喬霄在股市賺了錢,最近一段時間心情簡直不要太美好。
尤其是見到雲熠退出之後,股價依舊是在上漲的,這讓他愈發認定雲熠就是個膽小的,成不了多大的氣候。
而這種美好的心情,一直持續到他母親打電話過來。
“房肆他混賬,可他是你舅舅的命根子呀,你有沒有什麼辦法,把他弄出來。”
“你舅舅一雙眼睛都要哭瞎了,那女孩兒不是沒被欺負到嗎?怎麼能給房肆判七年呢?”
“等七年之後出來,那不是什麼都完了嗎?”
喬母在電話裡哭哭啼啼說道,讓喬霄想辦法把房肆給弄出來。
“他除了想要強奸那個女孩兒之外,他還犯了流氓罪,兩個罪名加一起七年不多了。”
喬霄解釋道,他並不認為這個刑期嚴重了,要是在幾年之前,抓流氓罪最嚴的時候,給他無期或者槍斃了都有可能。
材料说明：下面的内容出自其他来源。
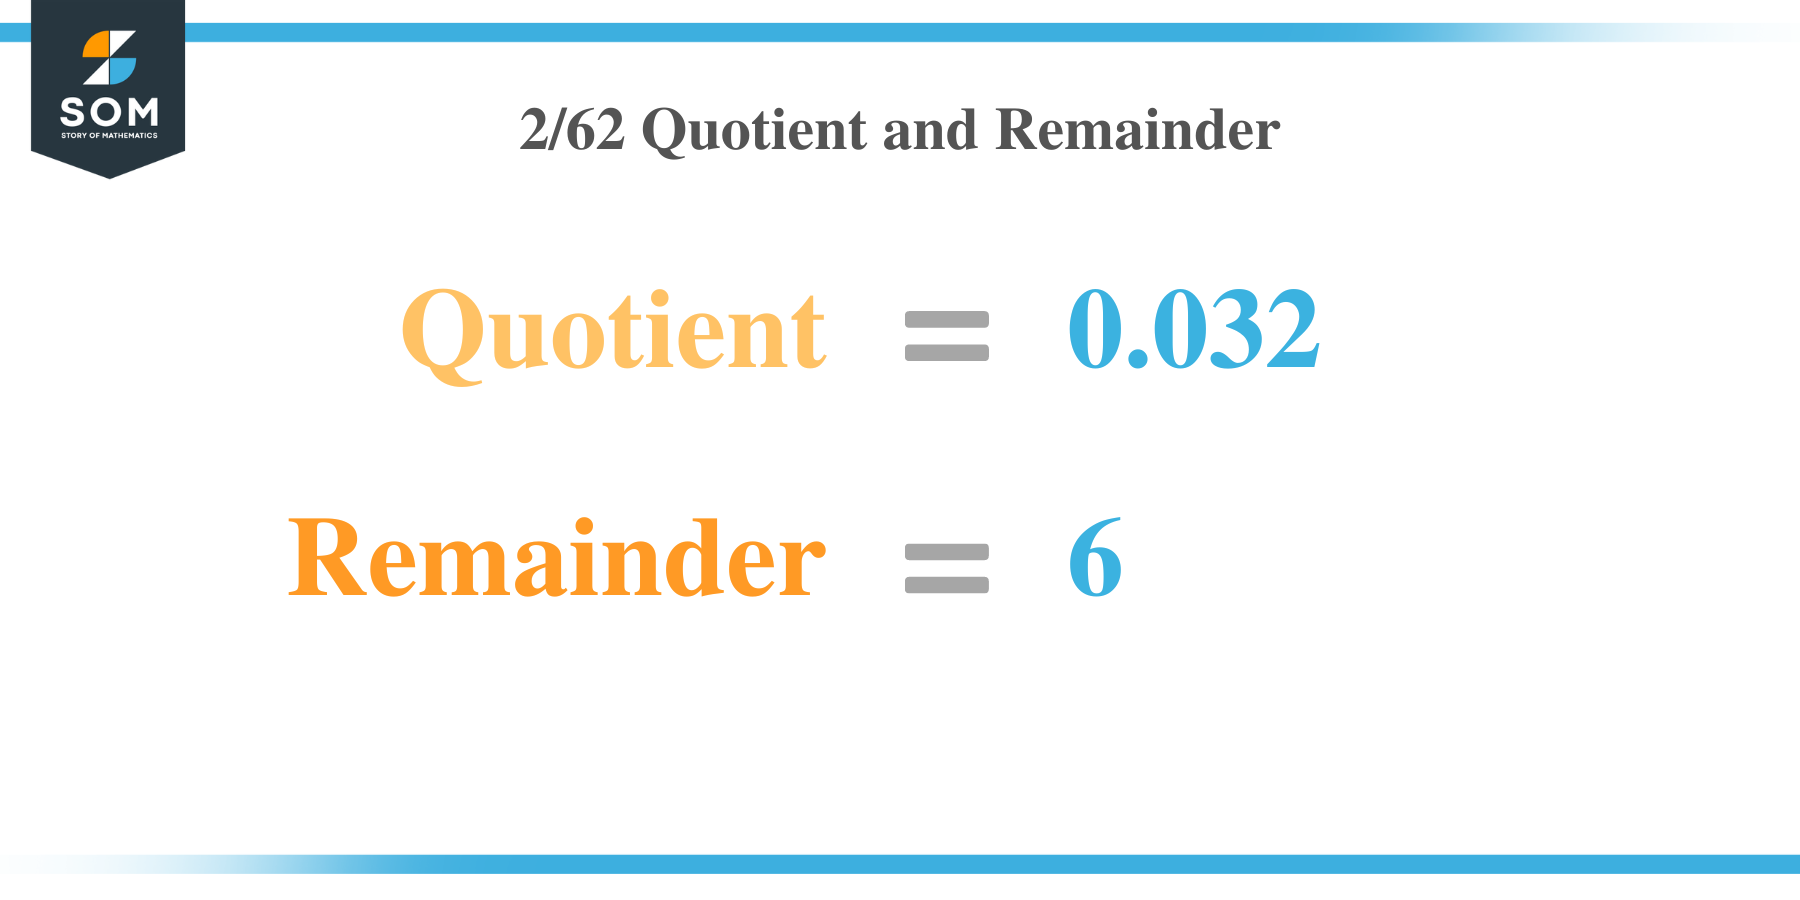 2 by 62 Quotient and Remainder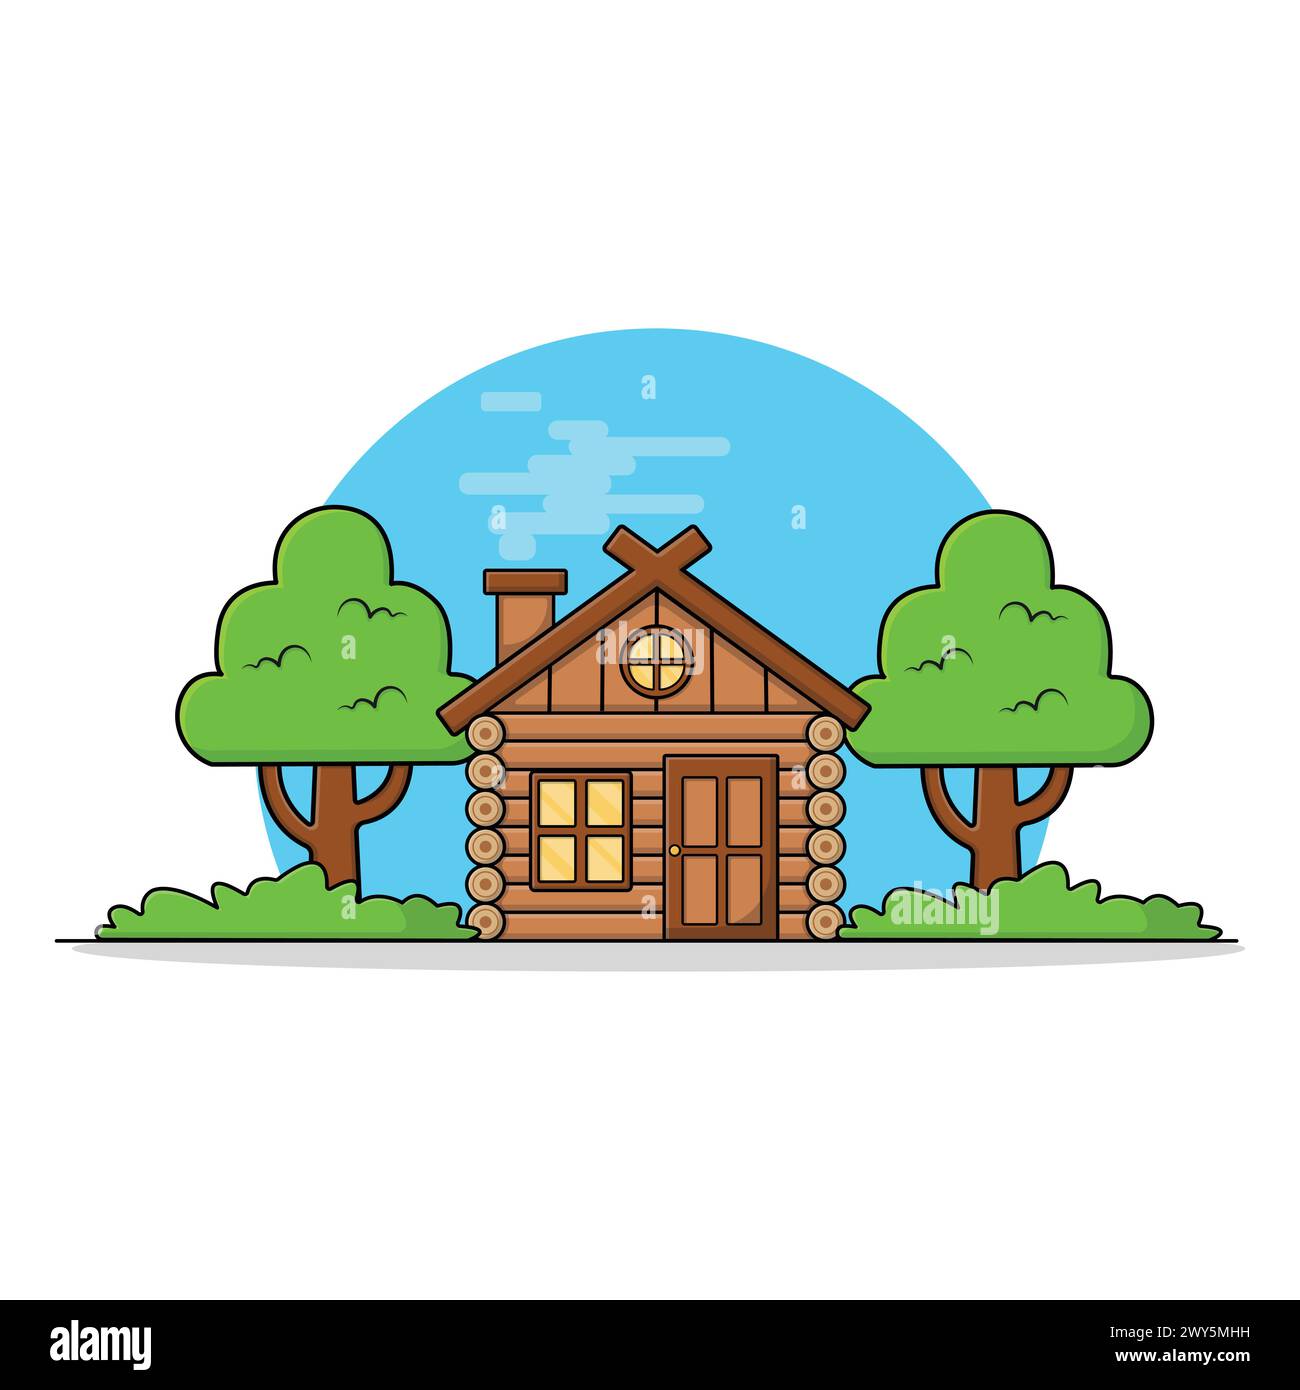 Wooden Forest Hut with Green Trees Vector Illustration Stock Vector

“媽,這事兒我幫不了,我沒有那麼大的本事去挑戰公檢法,而且是他犯錯在先,肯定要受到懲罰的,不然他不長記性。”
“你就是不肯幫忙,說那麼多乾什麼?”喬母在電話裡怒罵道,“那可是你舅舅的命根子,你舅舅活不成和要我命有什麼區彆?”
喬霄閉了閉眼睛,滿心的煩躁。
他母親就是在感情的事情上拎不清,他出來做生意這些年幫助房家的事情還少嗎?
“舅舅不會活不成的,沒了房肆他還有另外三個兒子,總不會讓他餓死,而且房肆三年之後就會出來了,除非他自己作死。”
喬霄心口憋著一股氣,說話也沒有太客氣,不等喬母開口罵他,繼續說道:“至於你,如果你認為自己這條命那麼不值錢,願意為了房肆搭上這條命,這也是我沒有辦法的事情。”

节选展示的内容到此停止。